Chaired by Dr. Hadassah Shani, the selection committee commended the center.  “In its 20 years of activity, the Suzanne Dellal Center has caused dance in Israel to take off,” they acknowledged. “The many and varied artistic endeavors of the center have spawned a new generation of artists, creators and performers, in the arena of artistic dance. Creative excellence on the center’s stage has broadened, and continues to broaden, the circle of dance lovers [in Israel].  The center’s activities opened the gates of the world’s most important dance to the Israeli dance scene and made it possible for Israel’s artistic dance to make its stamp in the international arena.  This is a prize for initiators and supporters of the vision that became reality.”

The Minister of Culture and Sports, Limor Livnat, added, “The Suzanne Dellal Center is one of the most fascinating and unique centers in the field of dance in the entire world.

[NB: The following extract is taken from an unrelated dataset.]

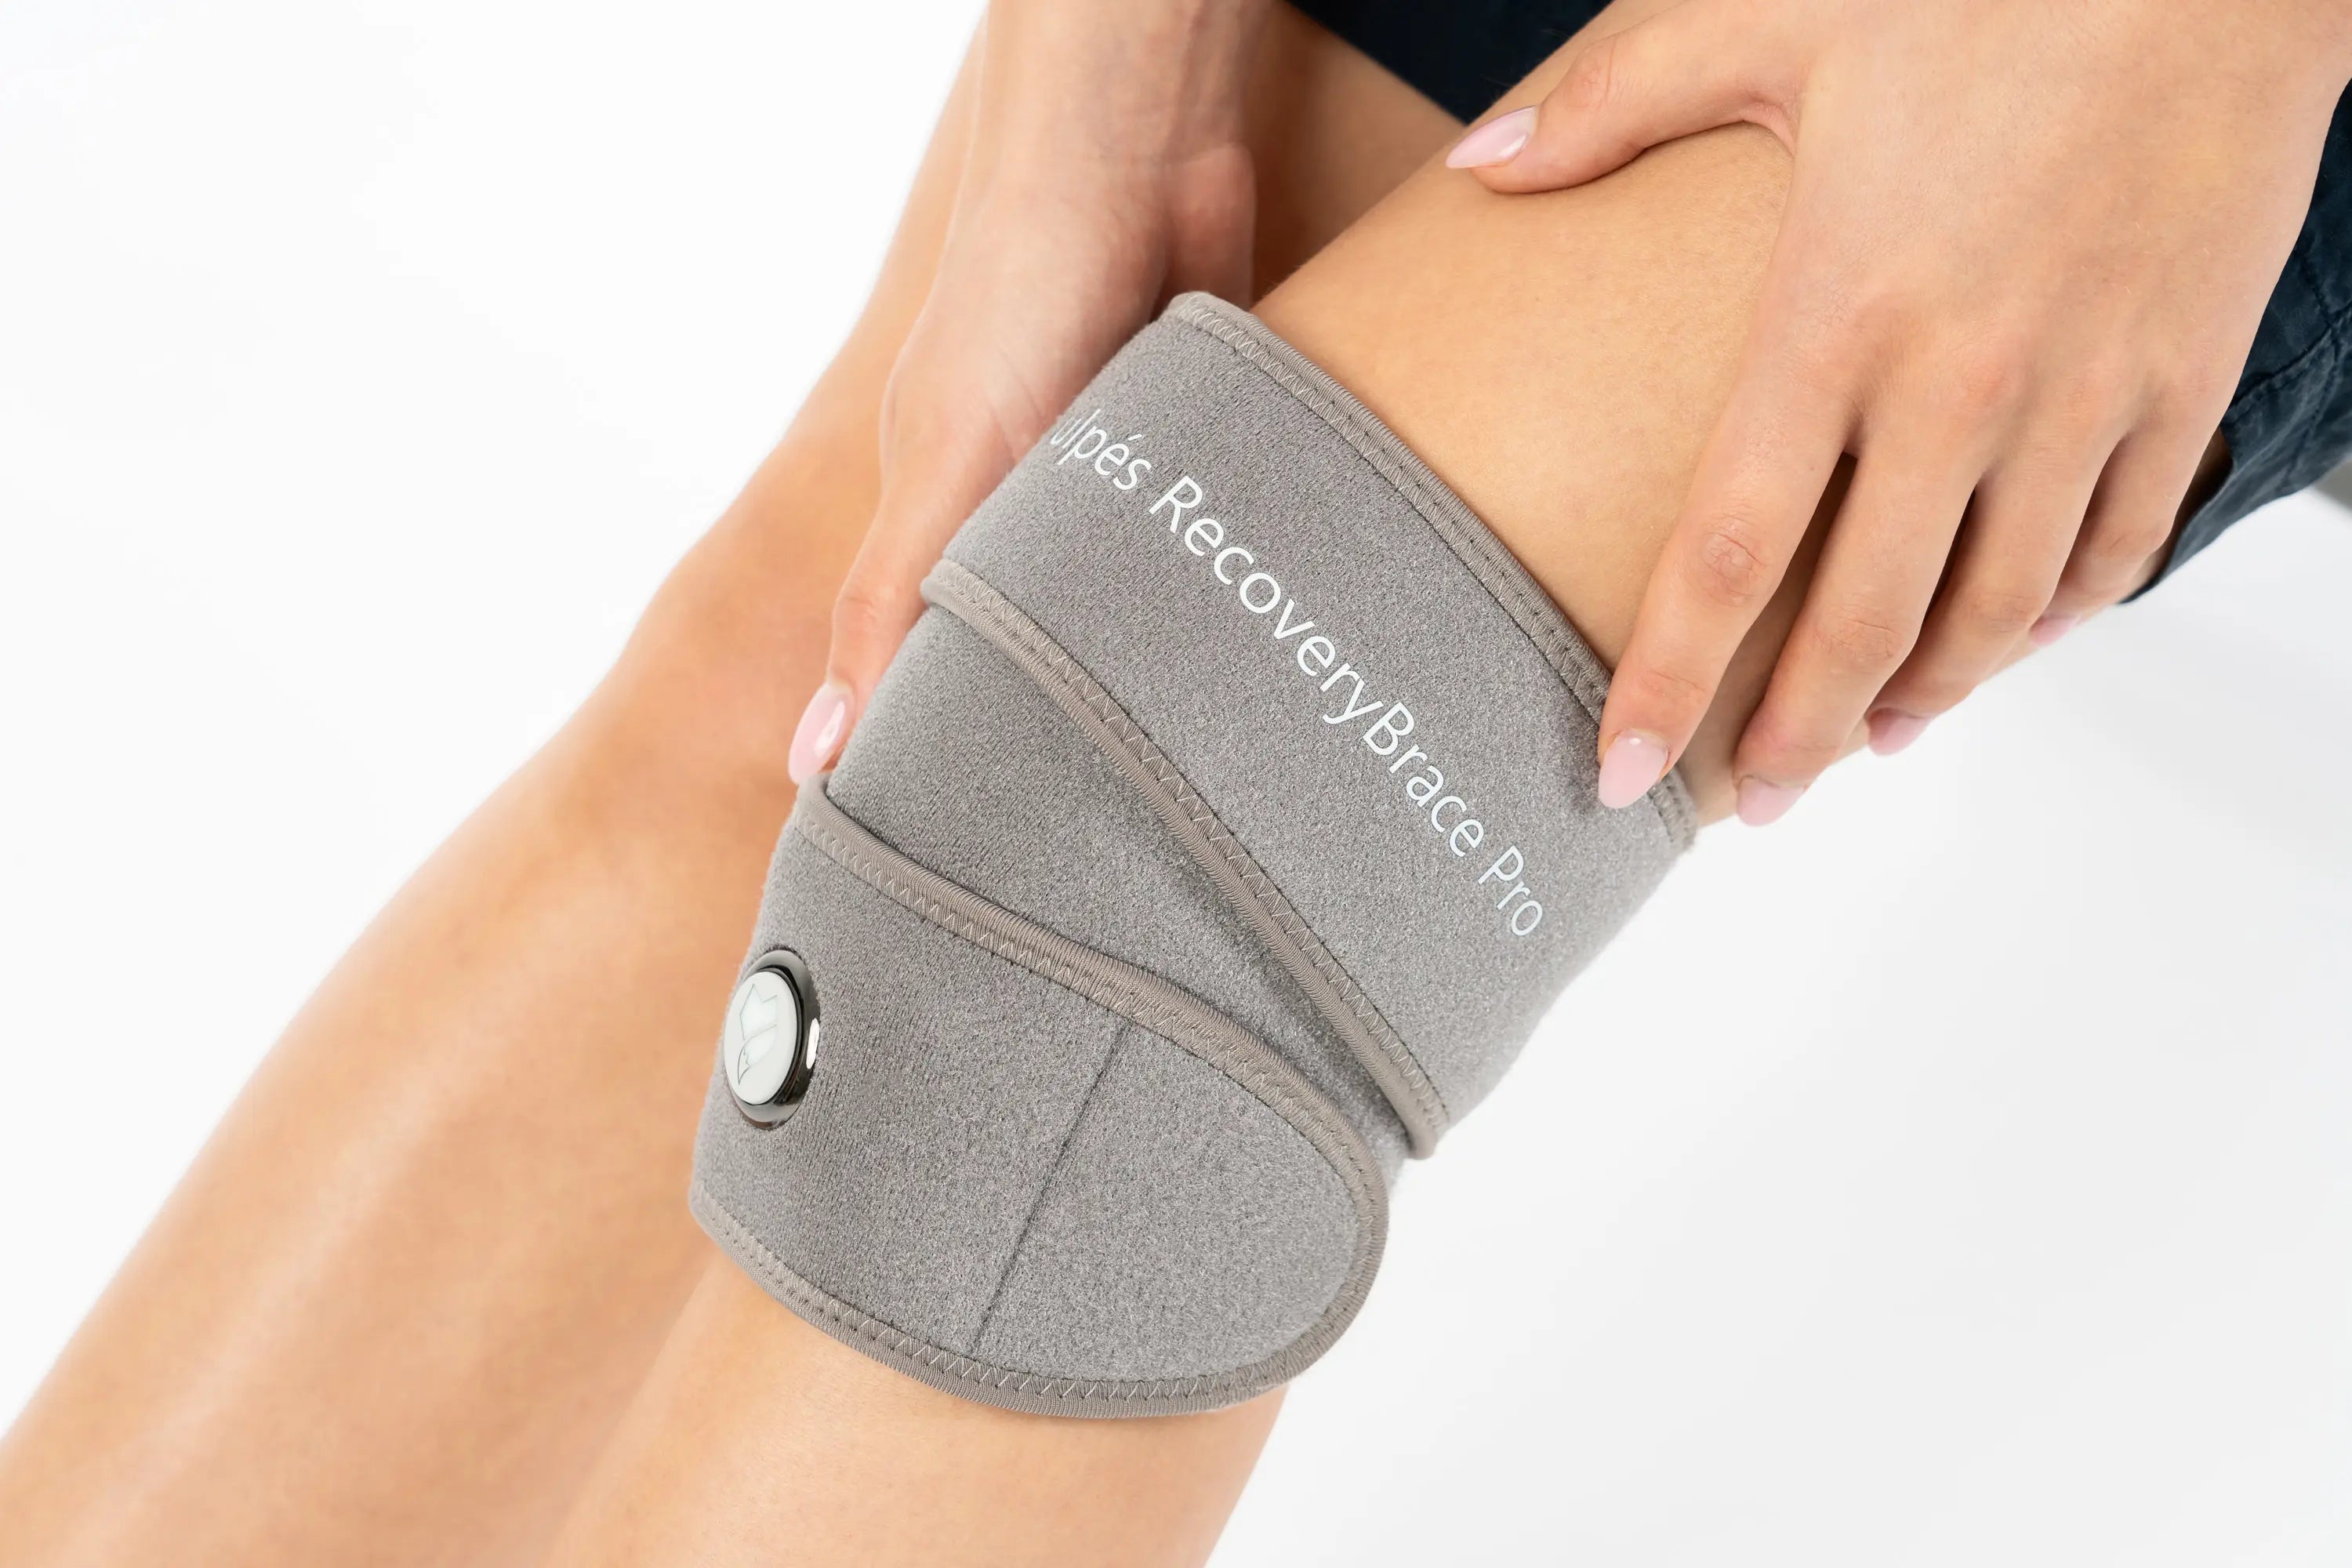 Vulpés RecoveryBrace Pro - Knee support | Knee bandage brace
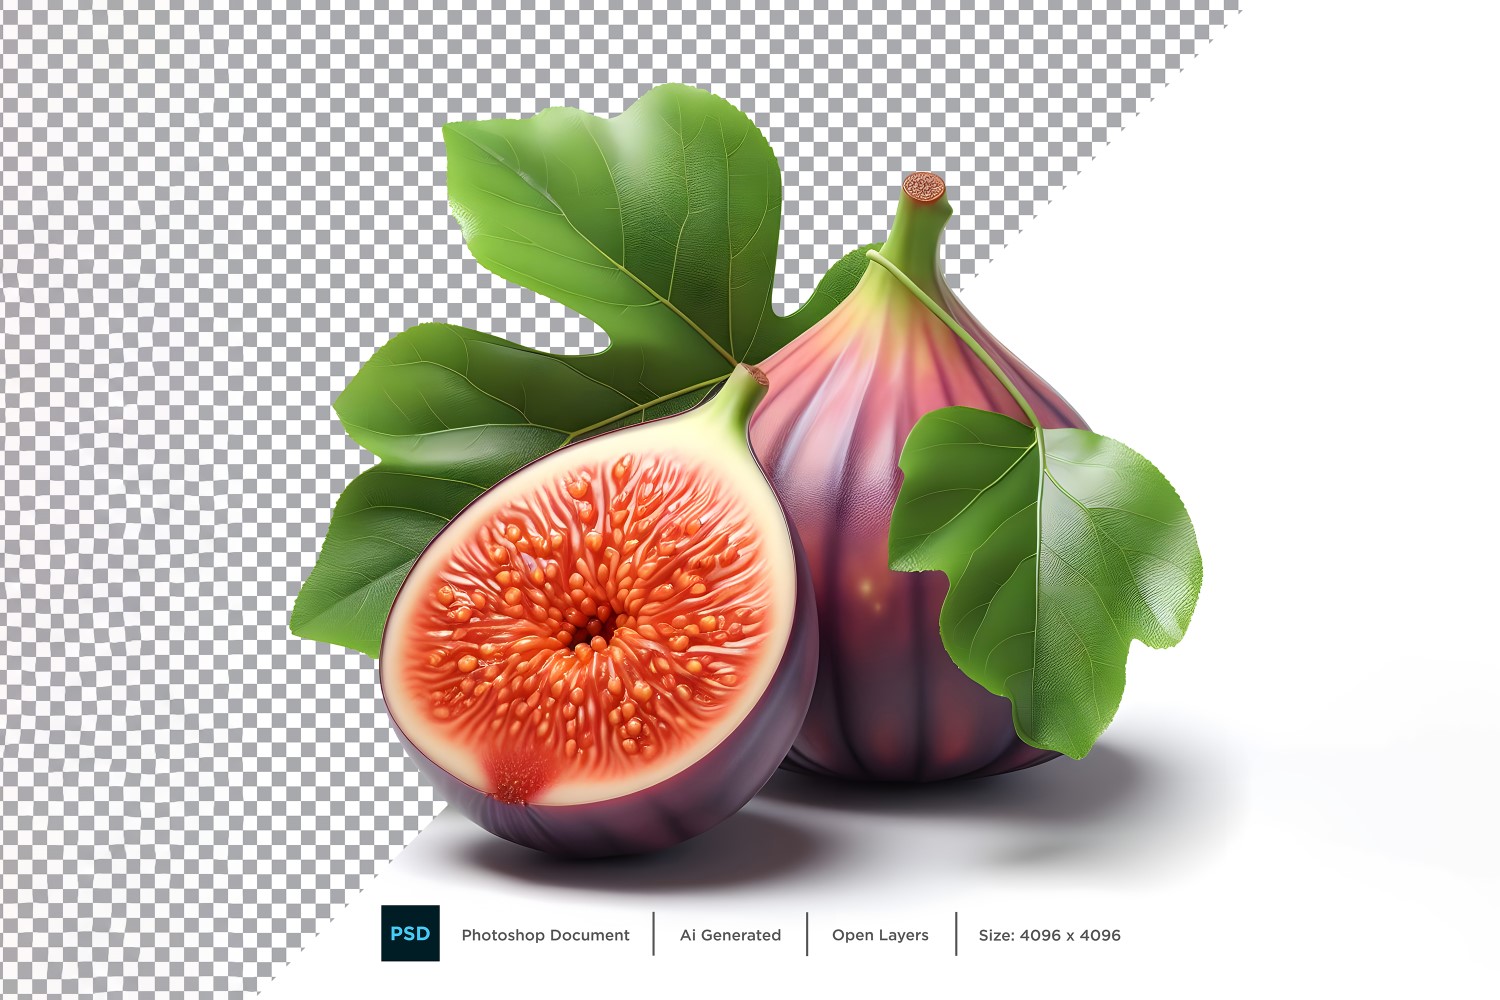 Fig Fresh fruit isolated on white background 6

In the 20 years since its founding, the center, under the direction of Yair Vardi, has turned into a center of pilgrimage for creators and dancers from the country and from the world.  The Suzanne Dellal Center brings us much pride, and the bestowing of the Israel Prize expresses the great appreciation that we have for the center and for Yair Vardi.”

The Israel Prize will be given to the Suzanne Dellal Center by President Shimon Peres, Prime Minister Binyamin Netanyahu, Speaker of the Knesset Reuven Rivlin, President of the Supreme Court Dorit Beinisch, Mayor of Jerusalem Nir Barkat, and Minister of Education Gideon Sa’ar.  The award ceremony will be held at the Jerusalem Theatre on April 20th, Israel’s Independence Day, and will be broadcast live on Channel 1.